REBT emphasises that irrational beliefs, and the way those beliefs influence how we think about our lives, are the main causes of our psychological distress. It operates on the so-called ‘ABC model’. ‘A’ denotes the ‘activating event’, the trigger from the environment. ‘B’ stands for the underlying ‘belief’ about the event – how we interpret it based on the situation and our worldview. And ‘C’ is the ‘consequence’ of our belief, the emotional result. Echoing the Stoic dichotomy of control, the ‘ABC’ model suggests it is not ‘A’ (the event) that leads to ‘C’ (the consequence), but ‘B’ (our belief) that dictates how we end up feeling. As Marcus Aurelius puts it:
External things are not the problem. It’s your assessment of them. Which you can erase right now.
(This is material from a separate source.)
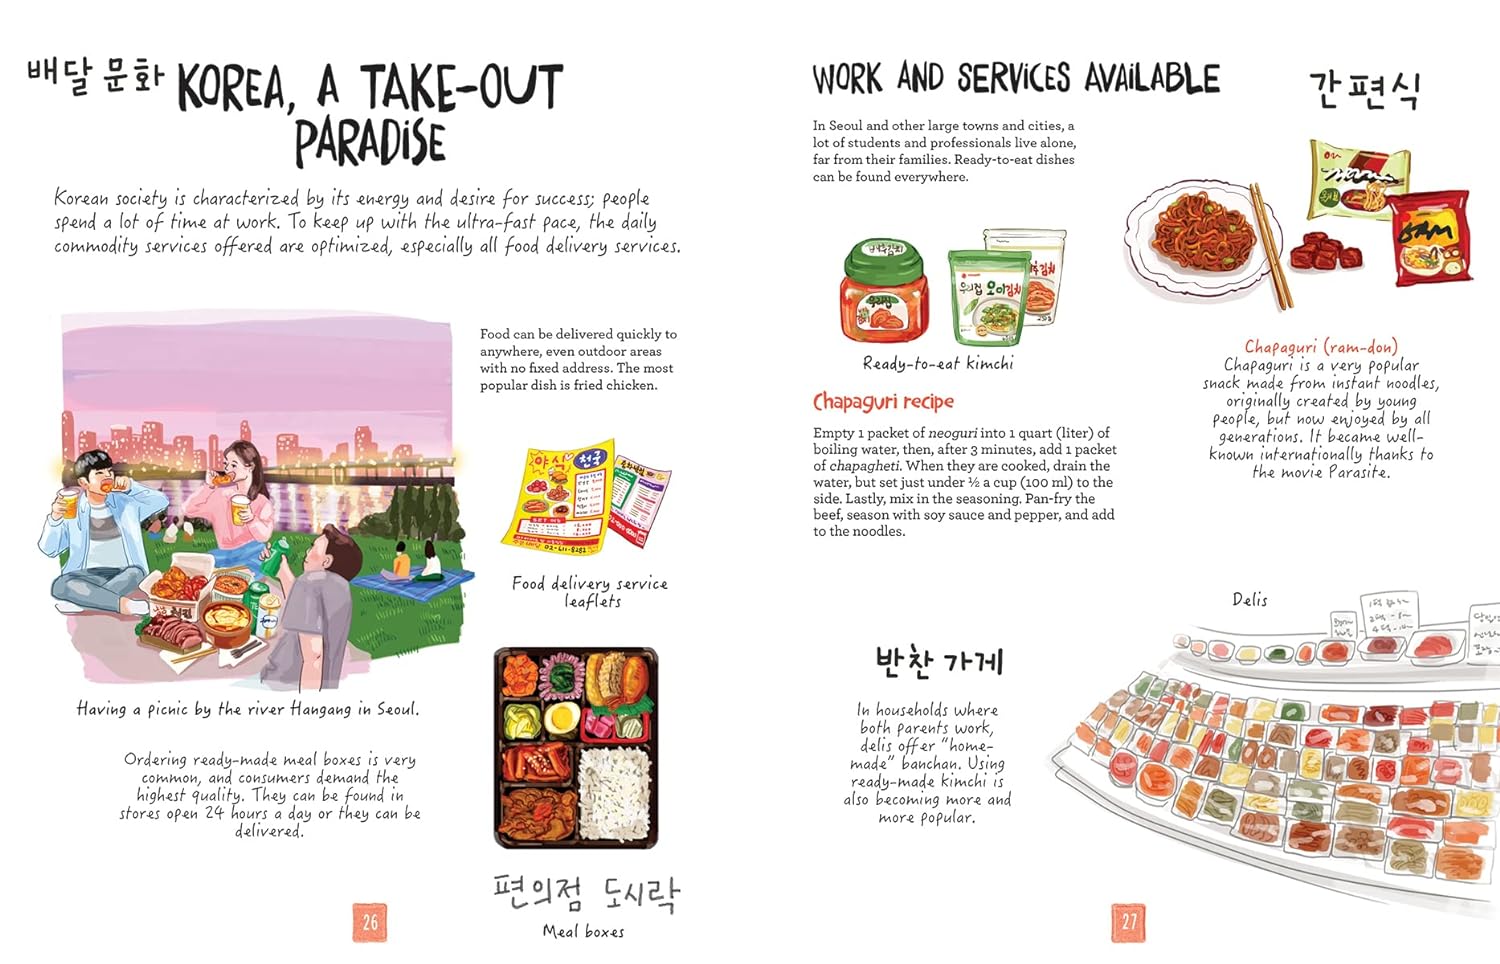 Korean Cuisine: An Illustrated Guide (Luna Kyung)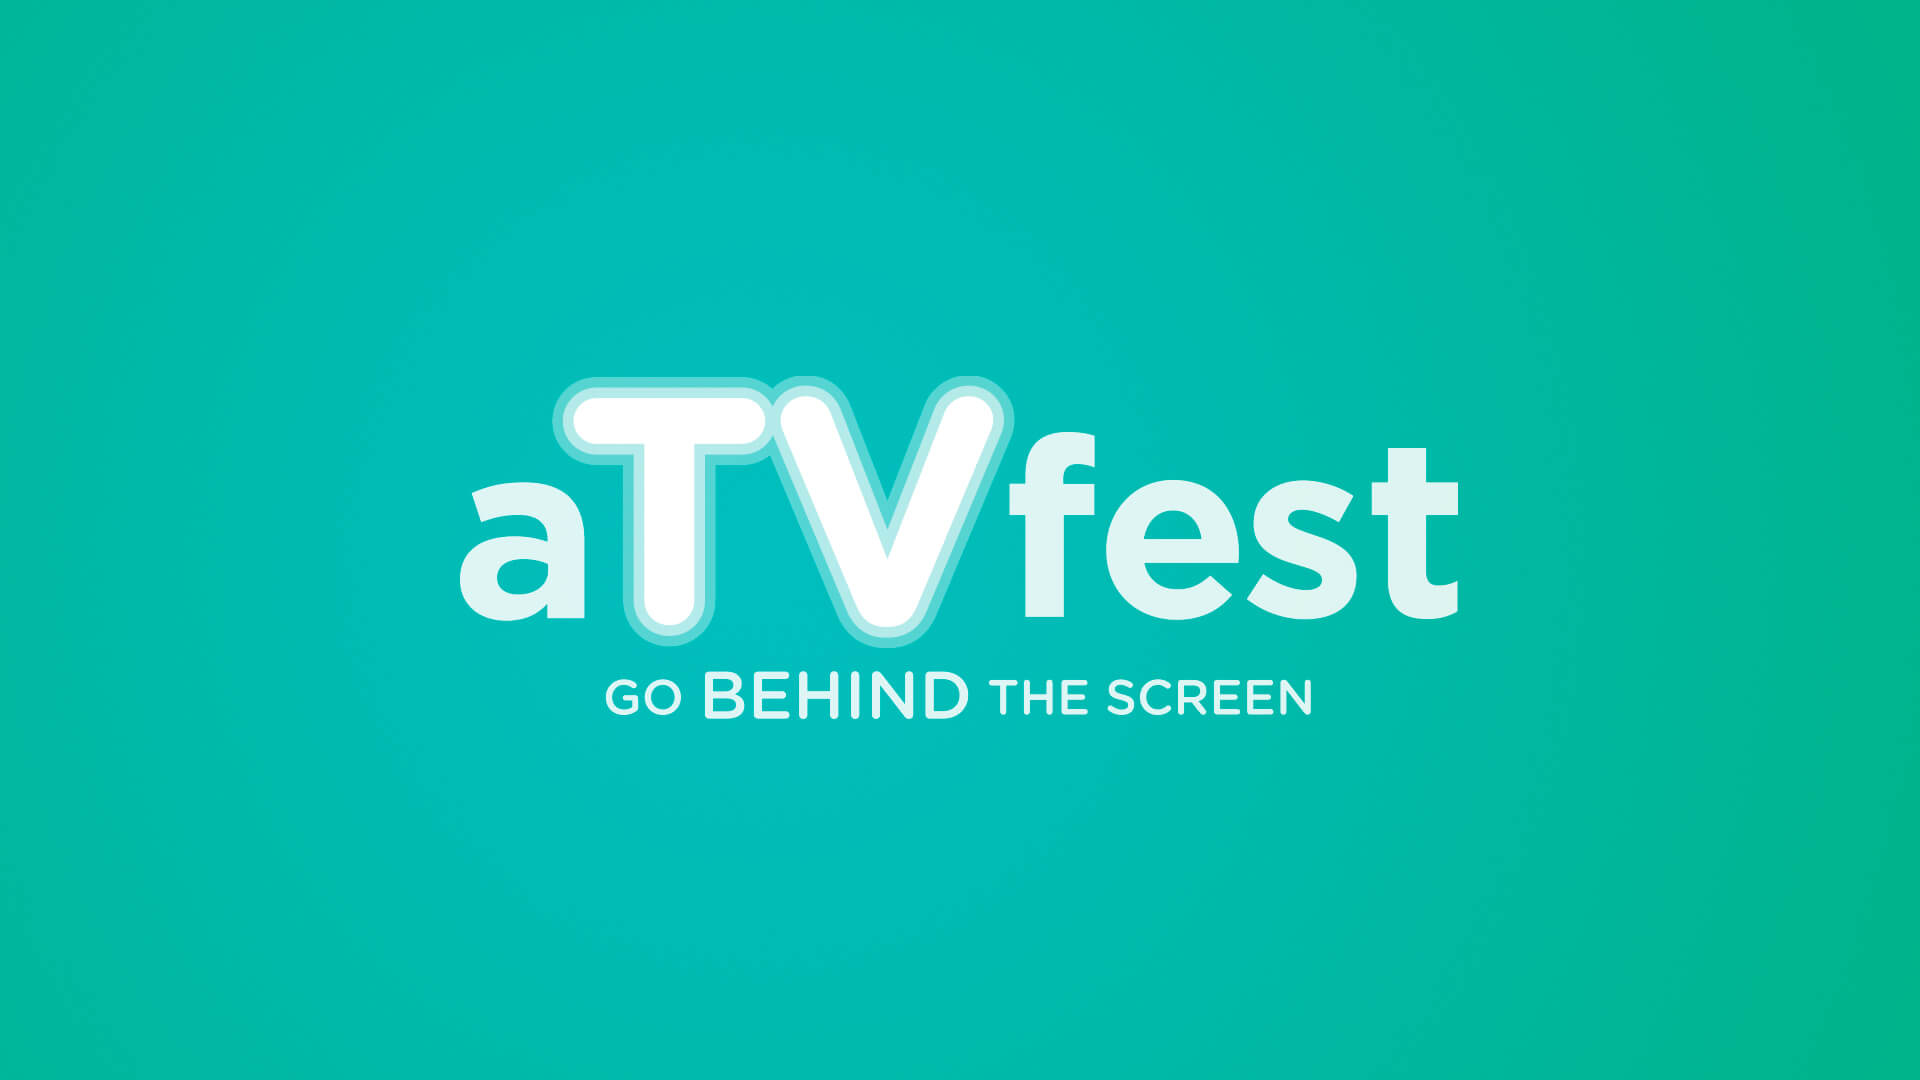 aTVfest-logo-tagline_green

If someone is easy to anger by others’ innocent behaviour, an REBT practitioner assists them in identifying their underlying cognitive distortions (like jumping to conclusions, over-generalisation, or emotional reasoning) and helps them eliminate harmful beliefs through reframing and rationalising. In this Stoic school of life, clients are trained to appraise situations consciously, and behave accordingly, reducing both the frequency and the emotional intensity of their anger responses by strengthening their cortical control over the amygdala.
For Marcus Aurelius, Stoicism offered a framework to be more forgiving in the vileness of ancient Rome, keeping his emotions in check to be a wise and just ruler. With the rising popularity of Stoicism, his ideas are resonating with people facing similar assaults on their sanity from contemporary society. They are drawn to the empowering notion that the world and its events do not have to determine our feelings. Instead, following the example of REBT, we can actively work to ‘rewire’ our consciousness to rid ourselves of suffering.
Applying the dichotomy of control to find our cognitive distortions and regulate our emotions can lead not only to mental wellbeing, but also to something bigger than us. Genuine patience, kindness and forgiveness could nurture deeper social connections and greater understanding of our common humanity – which is more enduring than the transient and selective virtue offered by empathy. As the emperor wrote:
To feel affection for people even when they make mistakes is uniquely human. You can do it, if you simply recognise: that they’re human too … And, above all, that they haven’t really hurt you. They haven’t diminished your ability to choose.